In London trading, the Swiss Franc struck a 2-week trough versus both the U.S. Dollar and the common currency Euro on speculation that the central bank might be intervening again to weaken the Swiss currency, and that the governing council of the Swiss National Bank had, in fact, determined a new “target” trading range. According to one newspaper in Switzerland, the SNB has set a range of 1.05 to 1.10 Swiss Francs to the Euro, well off the recent “official” cap of 1.20 Swiss Francs.

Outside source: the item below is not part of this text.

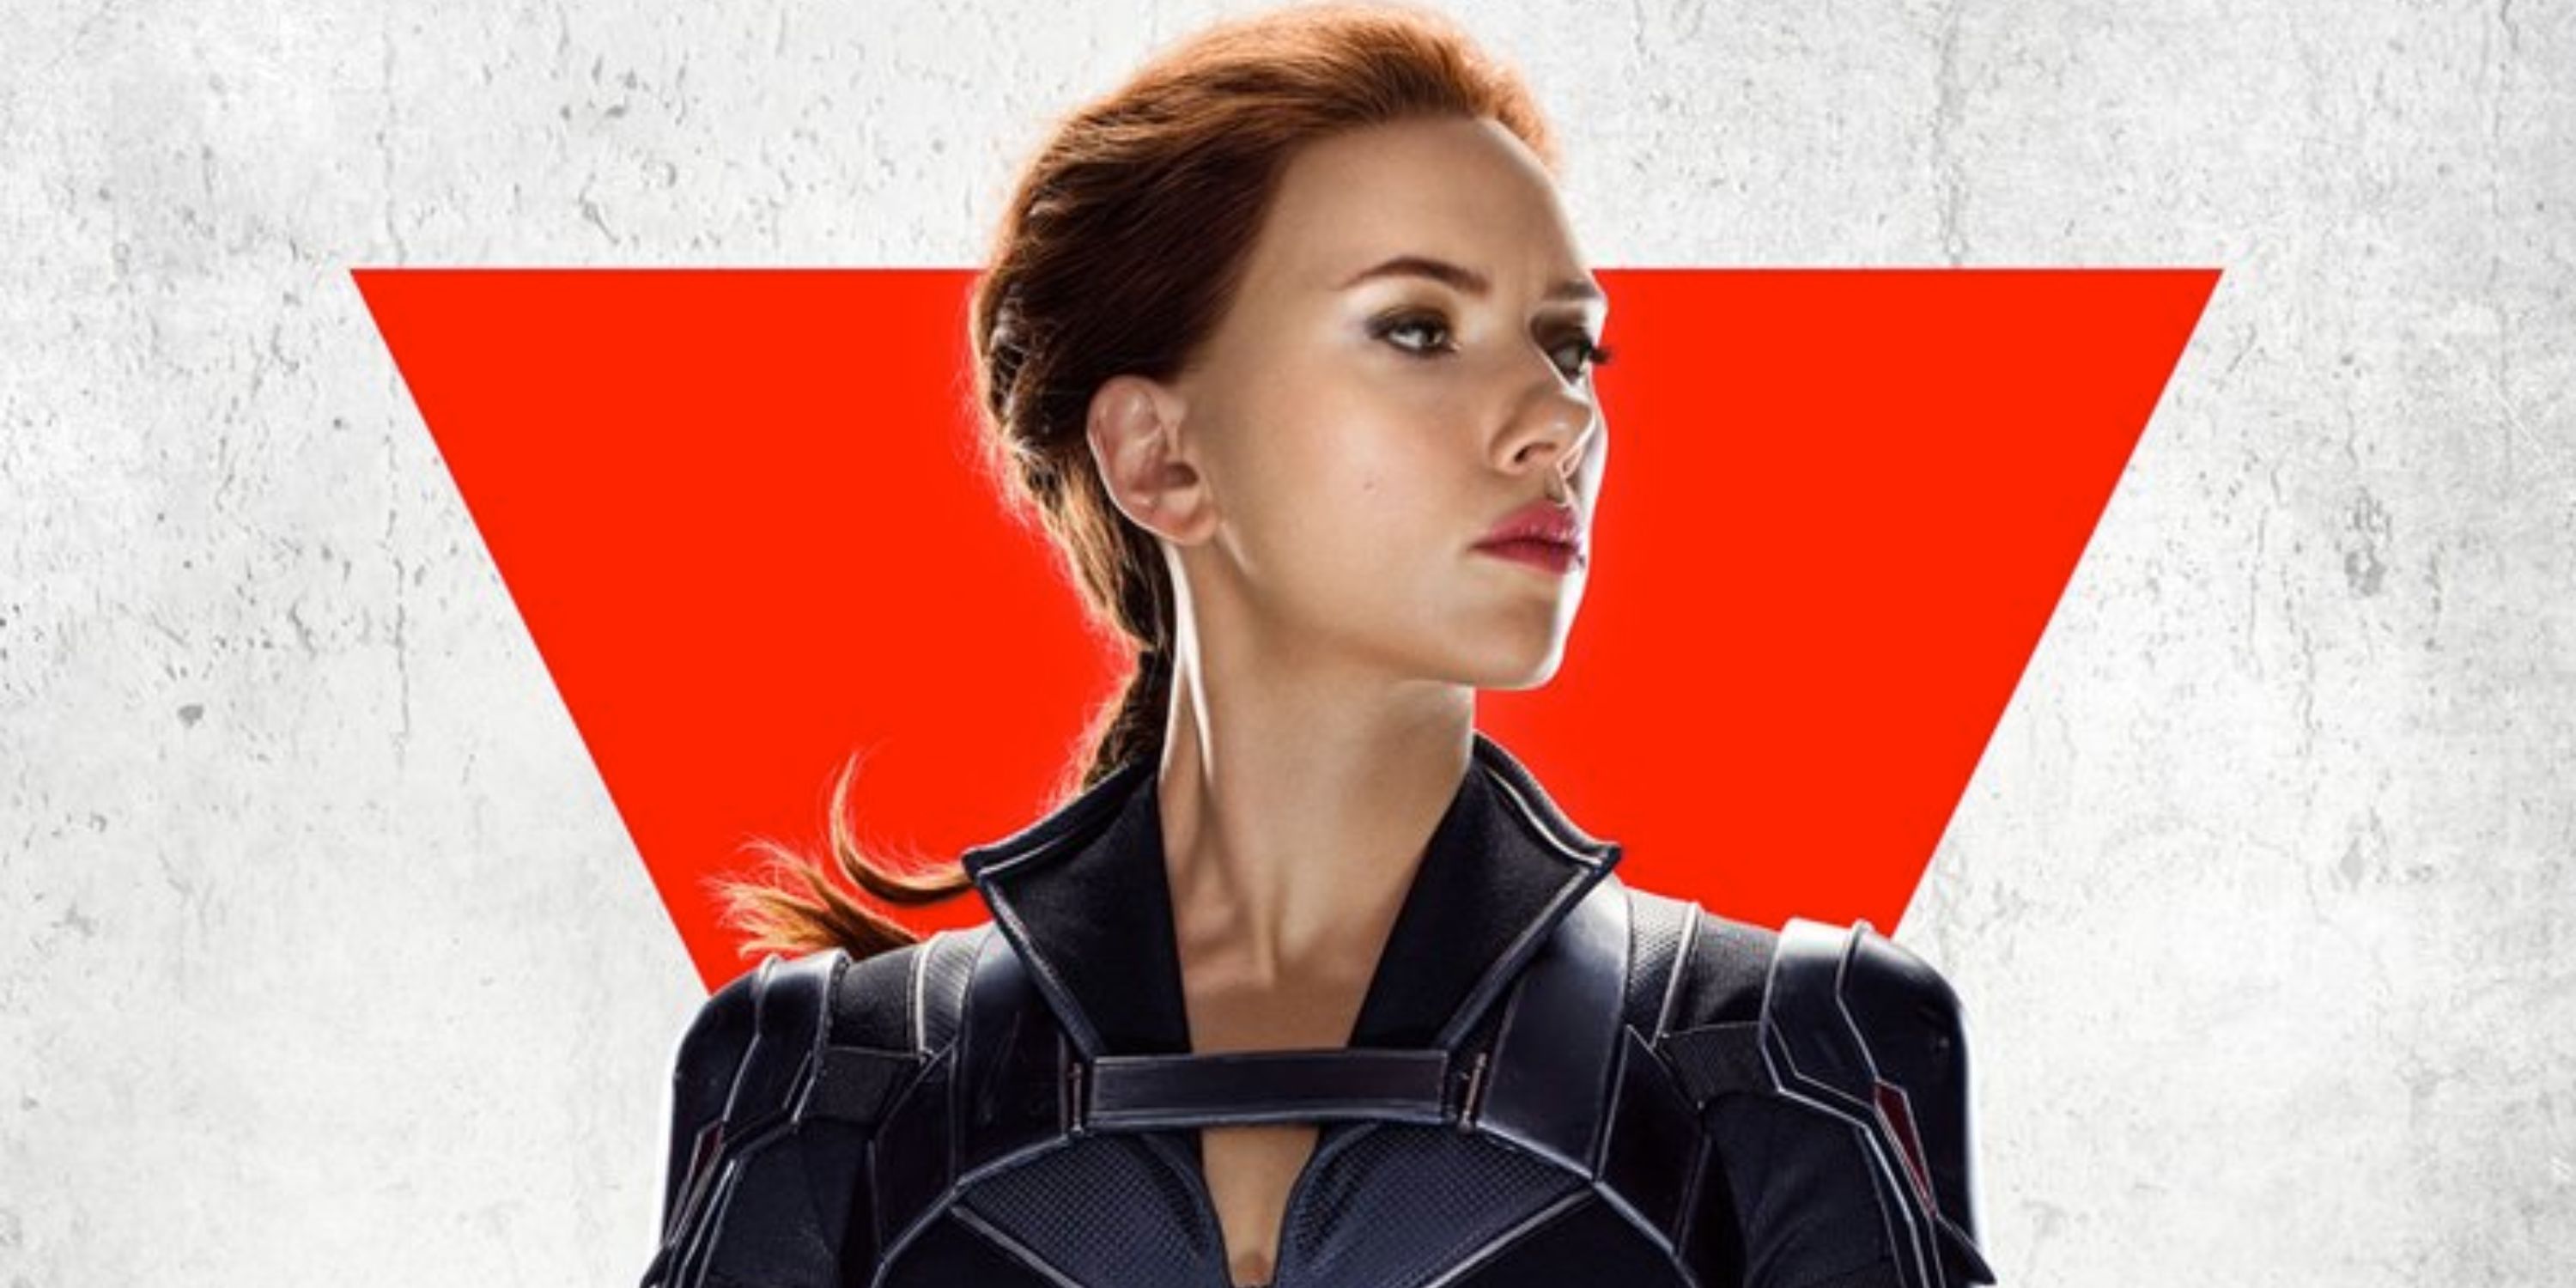 Natasha Romanoff promo for Black Widow.
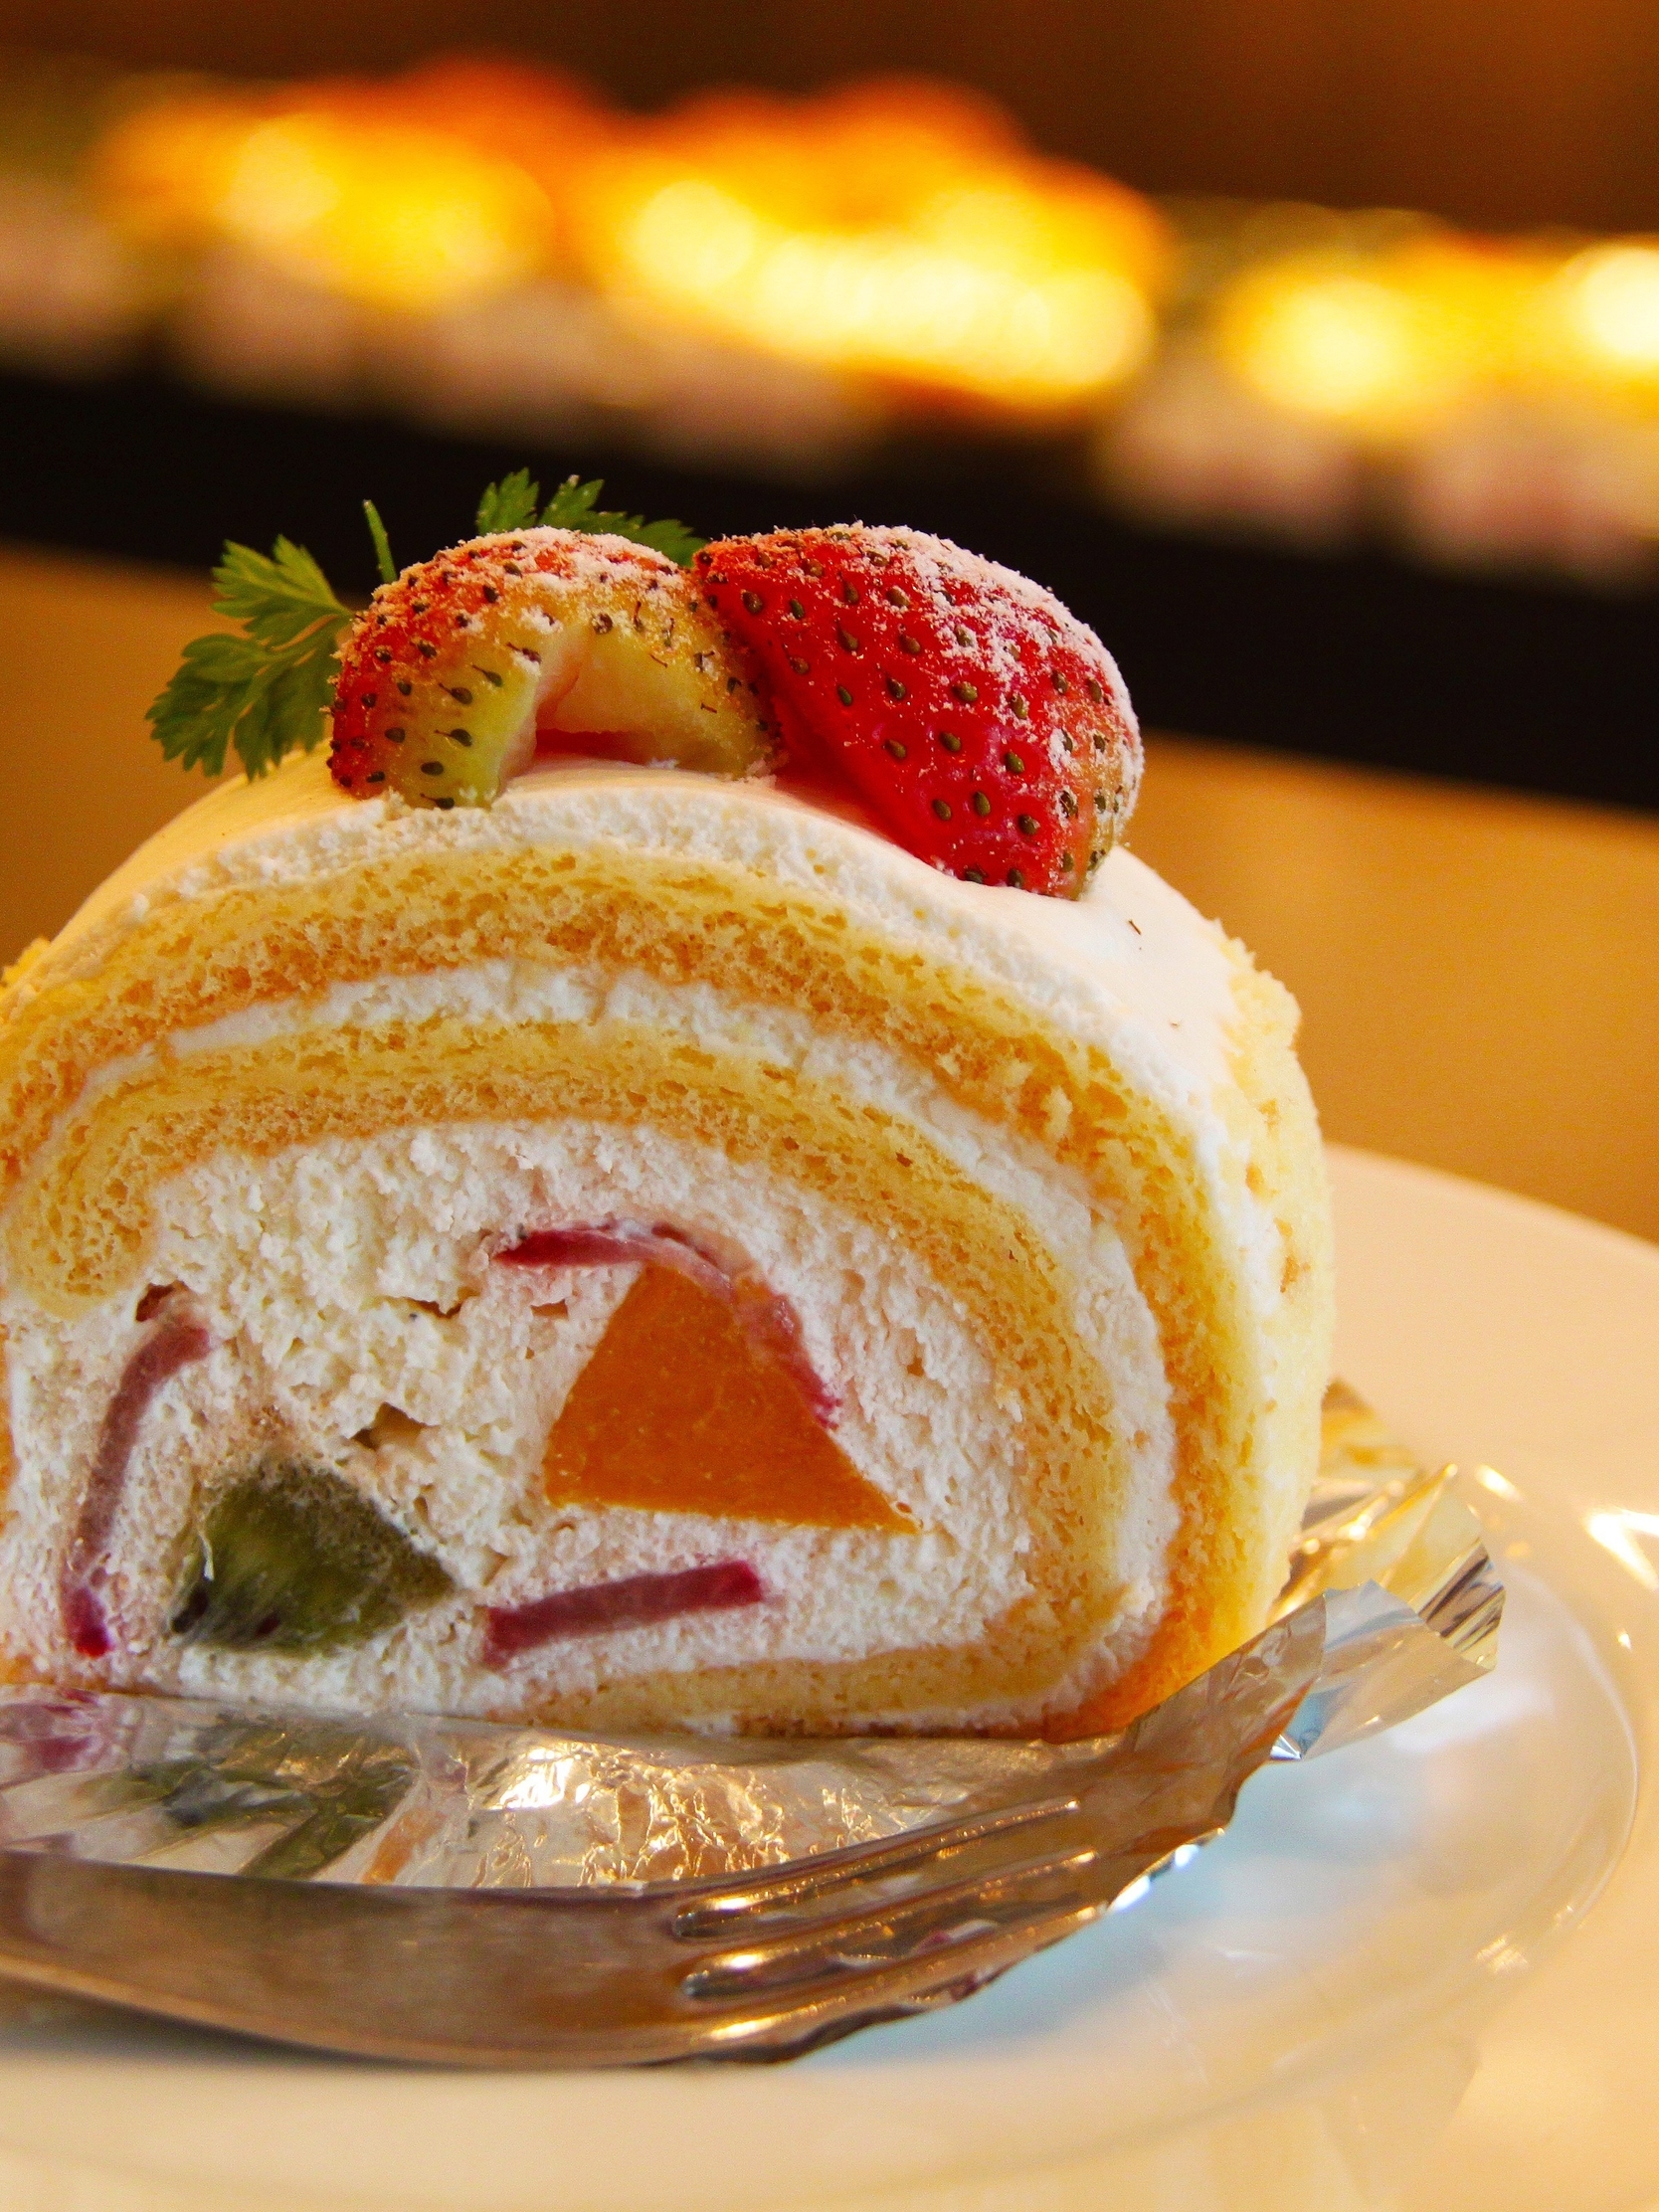 Image: Roll, dessert, berries, strawberry, cream, sweet

Thus far the SNB has not commented on the rumor.
As reported at 8:52 am (GMT) in London, the CHF/EUR was trading at 1.05800 Swiss Francs, a gain of 1.9%, while the CHF/USD was trading higher at 0.9345 Swiss Francs, a similar gain of about 1.9%. The EUR/USD was trading at $1.13155, a rise of about 0.35% on the backs of a PMI report which showed improvements in manufacturing growth in Spain, Ireland and the Netherlands.
Greece Pushes New Debt Deal at Troika
Analysts say that the Euro’s gains could be limited given that the Greek political problem has yet to resolve; the Greek Prime Minister has put in front of the “Troika” a new debt deal to replace the current one but thus far there does not seem to be any agreement among the parties.